Peabody vió en el espejo retrovisor al negro durmiente. Parecía que con los baches iba a caer a tierra de un momento a otro. Pero él seguía durmiendo apaciblemente.
—No respondes de qué.
—Te ruego que no preguntes así, Arthur. Me sacas de quicio. Sabes divinamente que algo raro pasa aquí. Algo que hace que la gente se conduzca como una mujer histérica. Fíjate en ti mismo.
—¿En mí?
—Sí, en ti. No me gusta echarte sermones, y lo sabes. Pero hay cosas que no puedes negar. Anoche estabas borracho. No mareado, sino borracho. Y estuviste diciendo unas estupideces terribles.
—Lo siento.
—No te estoy pidiendo que te disculpes.
—Quiero decir que siento que creas que eran estupideces.
—Pero sí te pido que te des cuenta de que no estás en condiciones de salud para cometer esas locuras. Desde que has llegado a Santa Gilda has estado... muy raro. Te aseguro que me tienes verdaderamente preocupada. Y ahora esto de las criadas. Es de lo más irritante y además no tiene explicación.
—Puede que no les gustáramos y que eso sea todo.
—Pero ¿qué es eso de irse de noche, sin cobrar ni nada?
Peabody consideró esta pregunta como retórica y permaneció callado, contemplando la carretera, que ahora trazaba una amplia curva y corría junto a la costa, en donde una playa larga y blanca miraba hacia un mar de cristal.

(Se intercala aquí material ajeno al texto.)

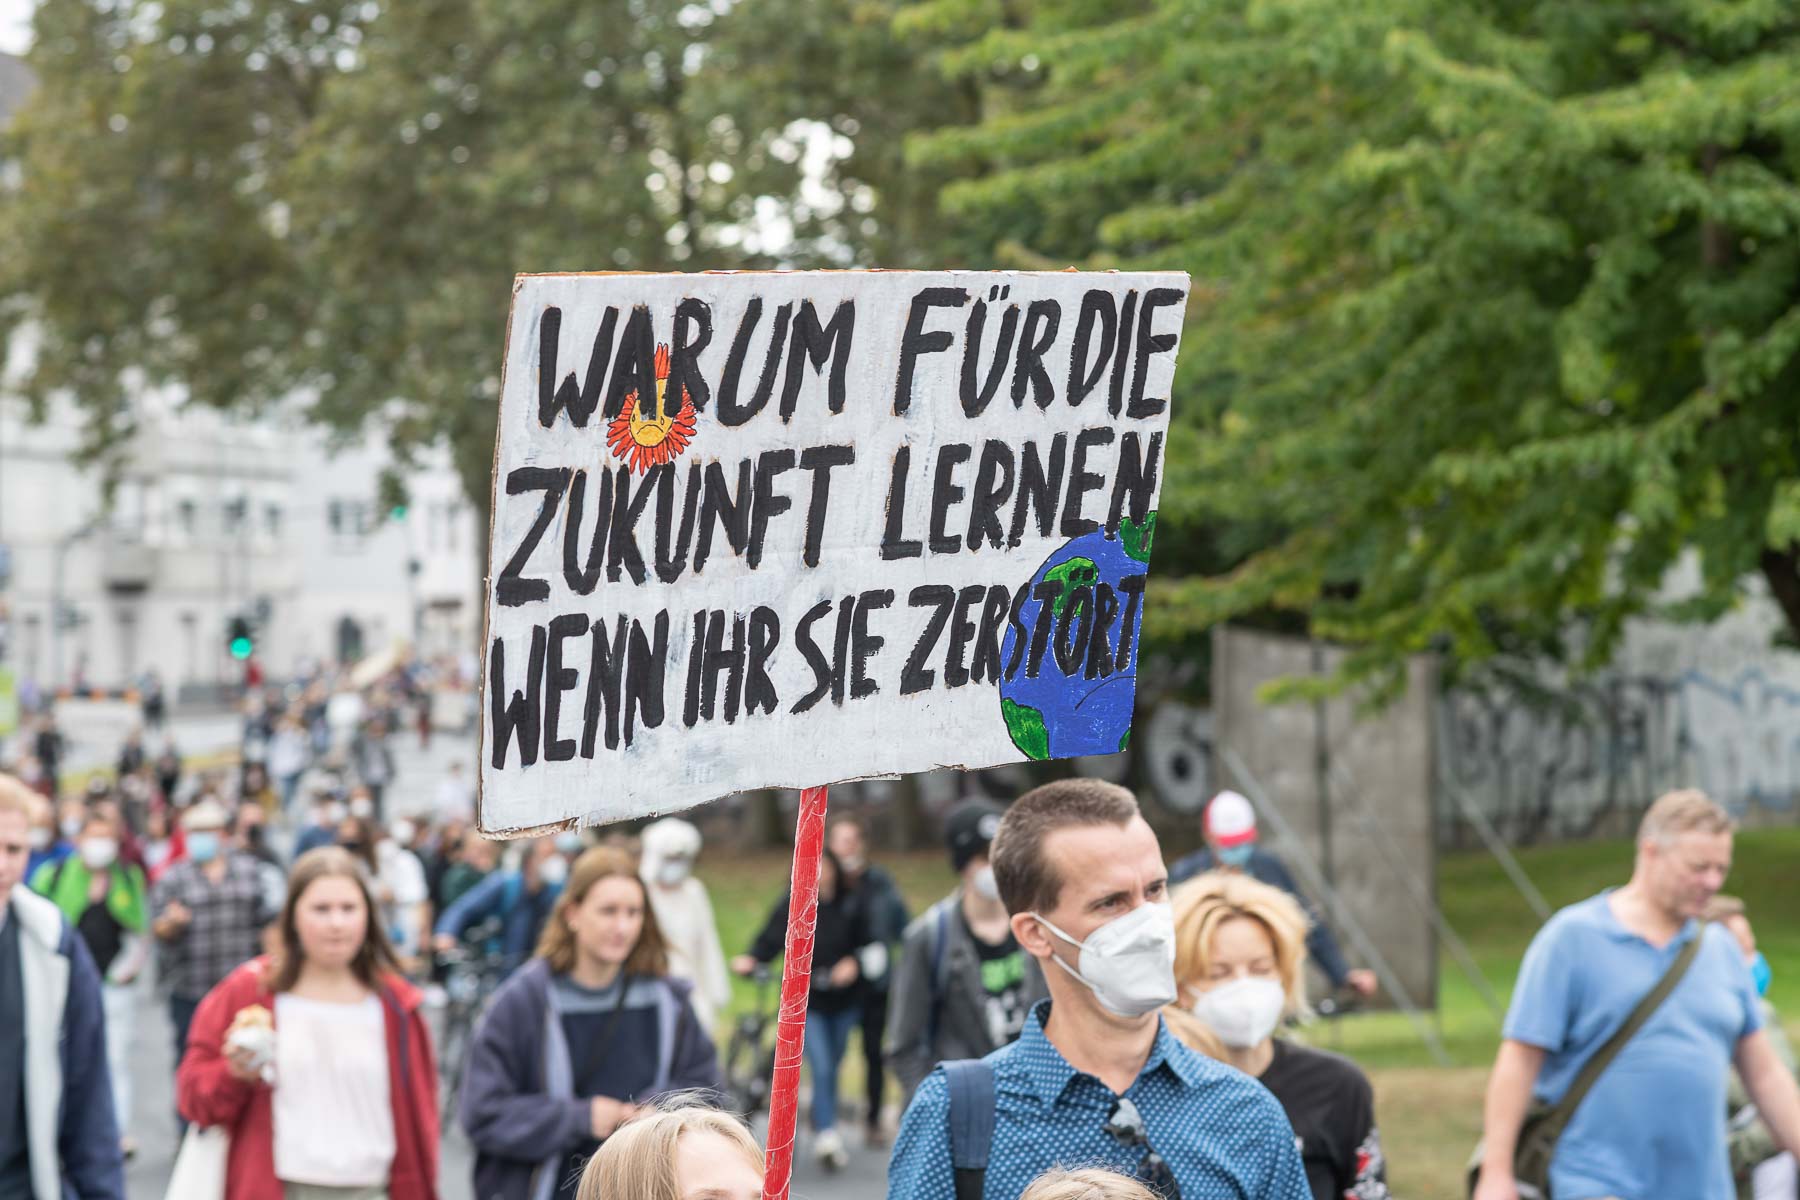 Rechtsrheinisch, Klimastreik von Fridays for Future in Köln. Schilder mit Botschaften werden gezeigt.

Algunas nubecillas se movían pausadamente a través del cielo y, en lontananza, el sol caía alegre sobre los arrecifes, a los cuales arrancaban mil reflejos. Comenzaron a pasar por delante de casas, cada vez más frecuentes, que se alzaban a la derecha de la carretera, la mayoría de ellas rosáceas y estucadas, con galerías de madera. Una de ellas, enclavada en un bosquecillo de palmeras, más bien parecía el sueño de un repostero que un lugar destinado al cobijo de seres humanos. Los postes de la puerta de entrada estaban cubiertos por ramas retorcidas de rosales de mampostería, y los muros de la casa mostraban alegres medallones de vidrios de colores. A través del jardín, los senderos se retorcían insensatamente. Peabody se preguntó sin especial interés si viviría allí Cathy.
Corría luego la carretera bajo un túnel de espléndidas casuarinas, desde el cual otros más pequeños conducían hasta la entrada de las casas o hacia playuelas blancas y sonrientes. Pasaron por delante de un club náutico y vieron ágiles muchachas remolcadas sobre esquís por gasolineras poderosas; dejaron atrás un hipódromo y un gran hotel de madera, y al llegar a los aledaños de la ciudad pasaron un cuartelillo de Policía, a cuya puerta había un negro, con salacot blanco y guerrera del mismo color, relucientes botones y calzones azules con galones escarlata, que los saludó marcialmente.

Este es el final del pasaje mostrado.